◆ Task objective: In the listing that follows, find the line with "Livelihoods, Livestock and", then copy exactly from it through the line with "It's A Good", leaving out every picture.

··· Record extracts ···

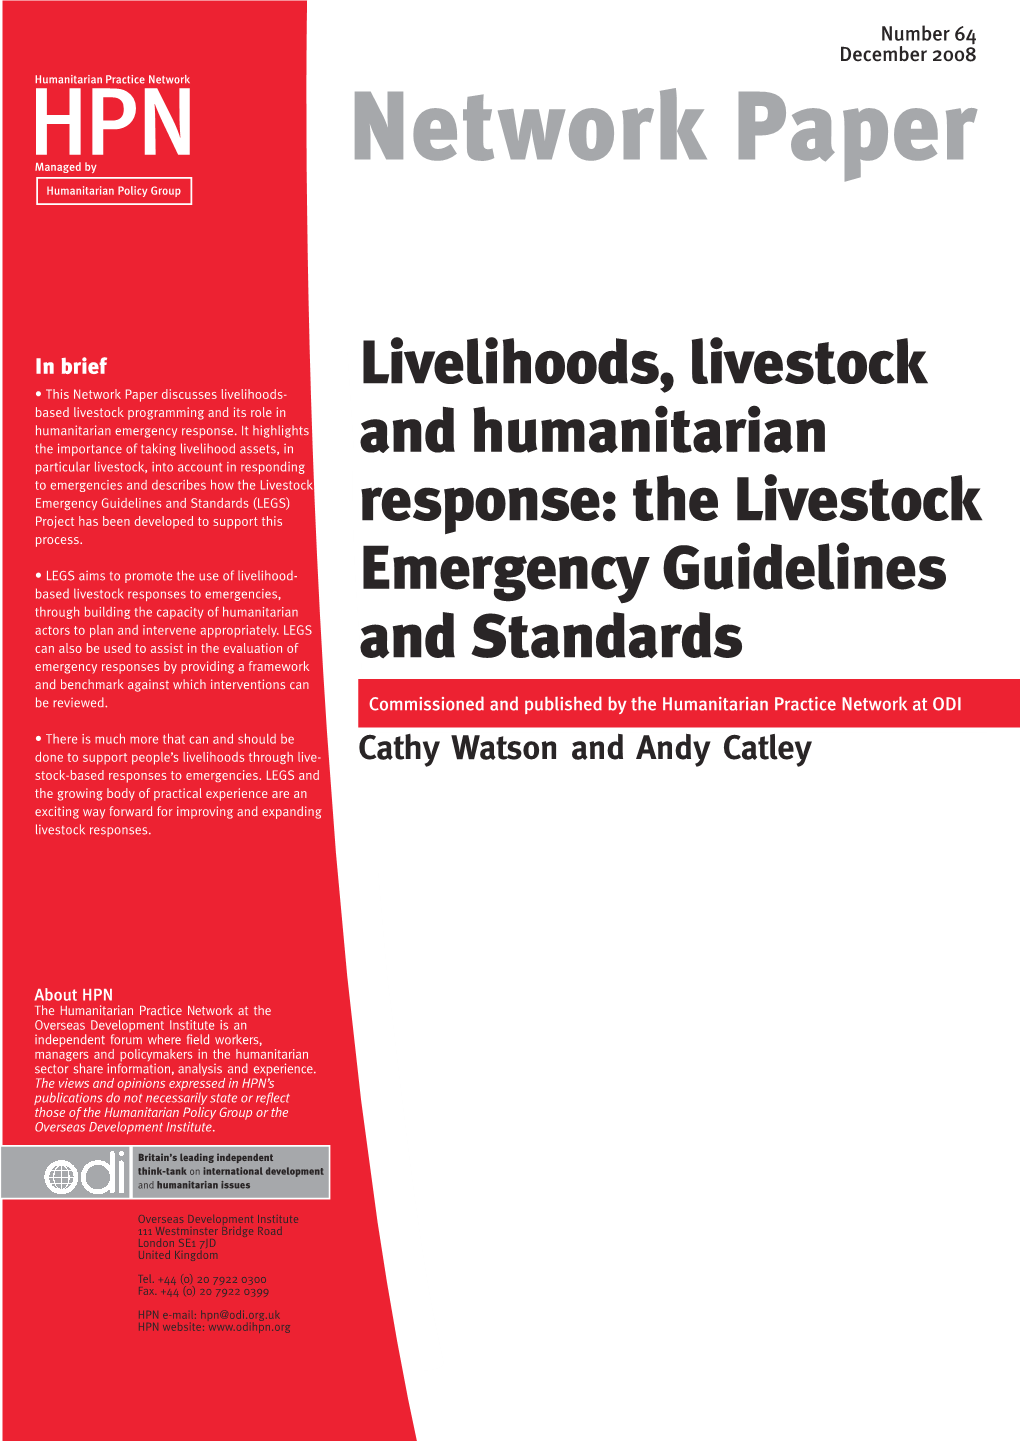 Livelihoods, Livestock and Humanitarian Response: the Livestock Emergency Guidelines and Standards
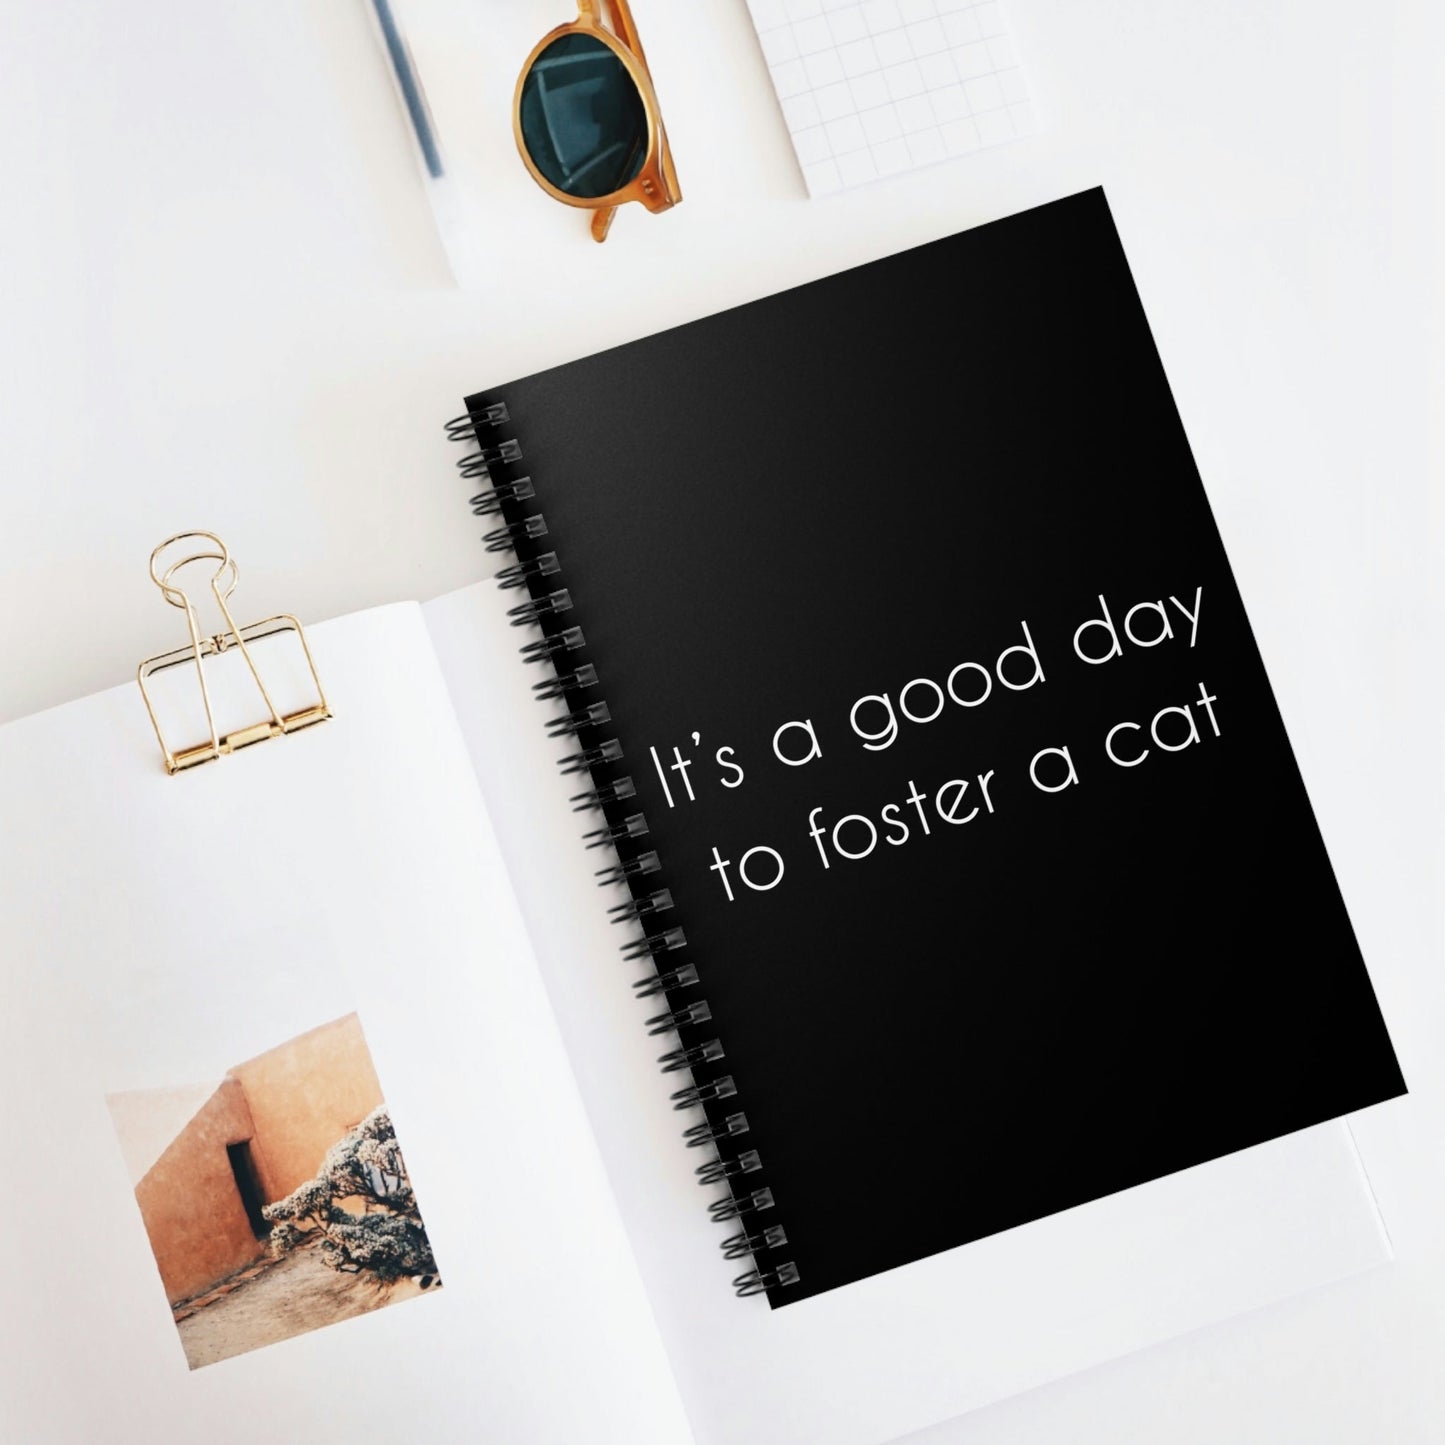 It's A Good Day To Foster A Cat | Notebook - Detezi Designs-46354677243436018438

···
··· Record extracts ···

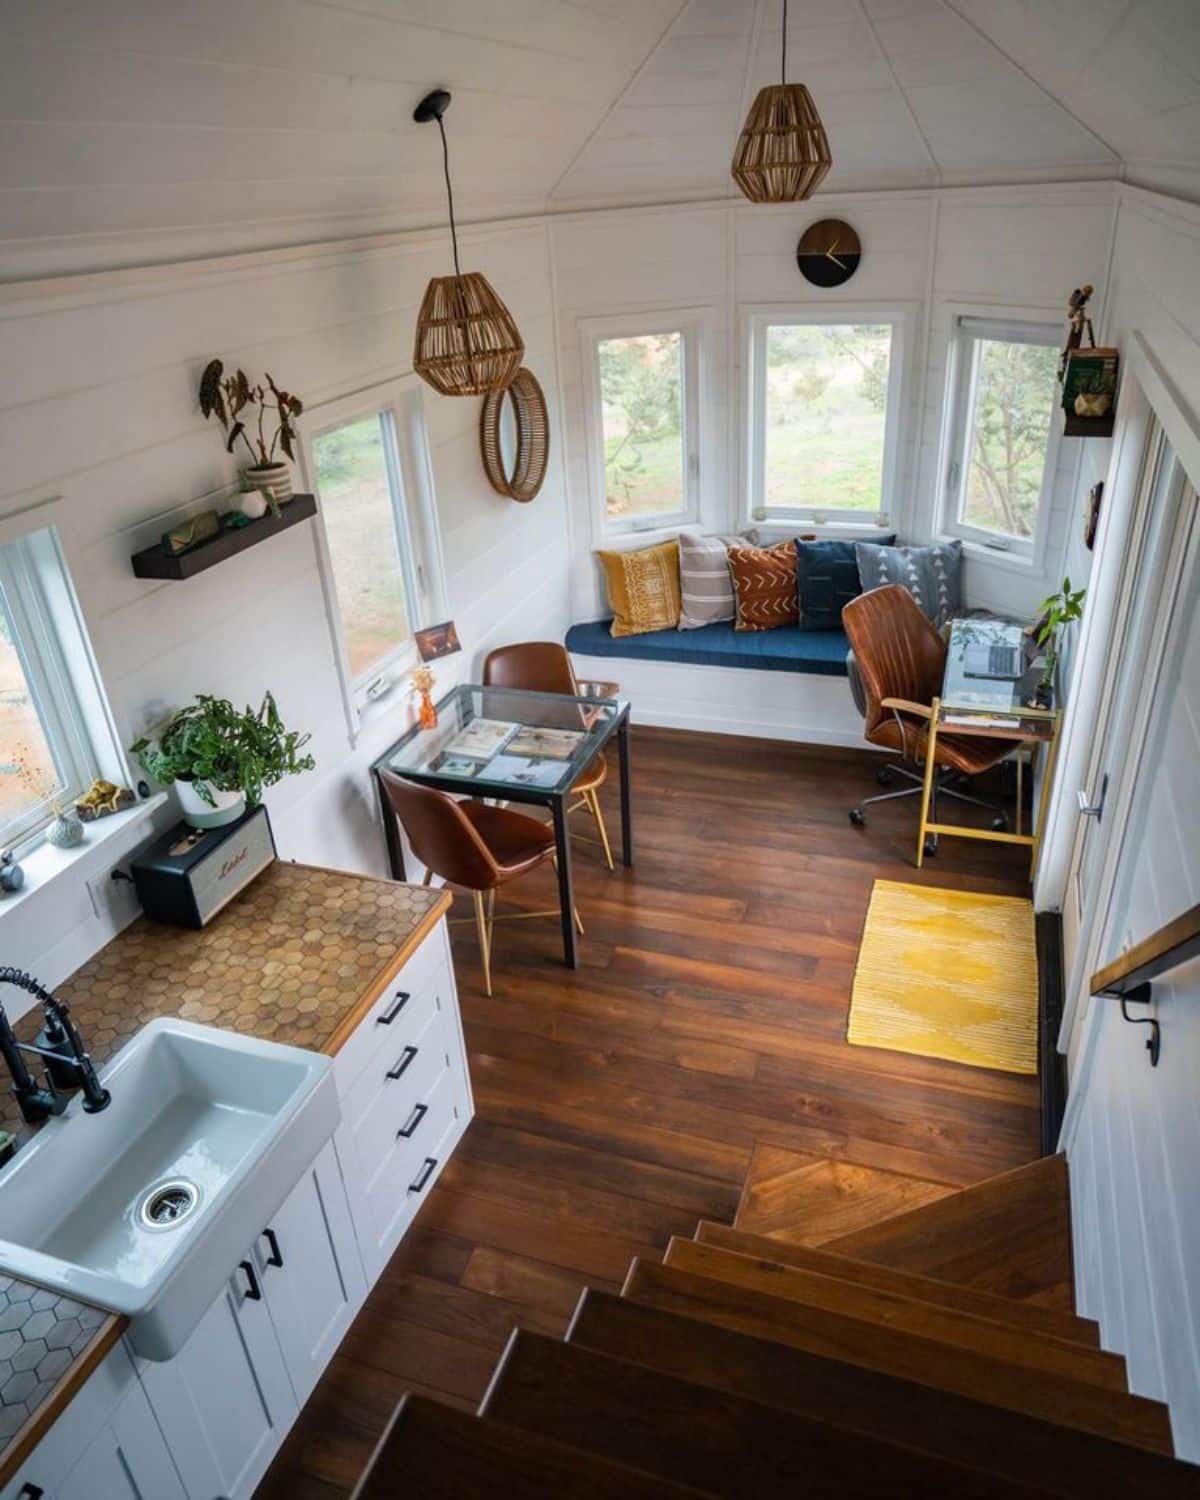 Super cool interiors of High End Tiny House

···

◆ Answer space:
 Livelihoods, Livestock and Humanitarian Response: the Livestock Emergency Guidelines and Standards
 It's A Good Day To Foster A Cat | Notebook - Detezi Designs-46354677243436018438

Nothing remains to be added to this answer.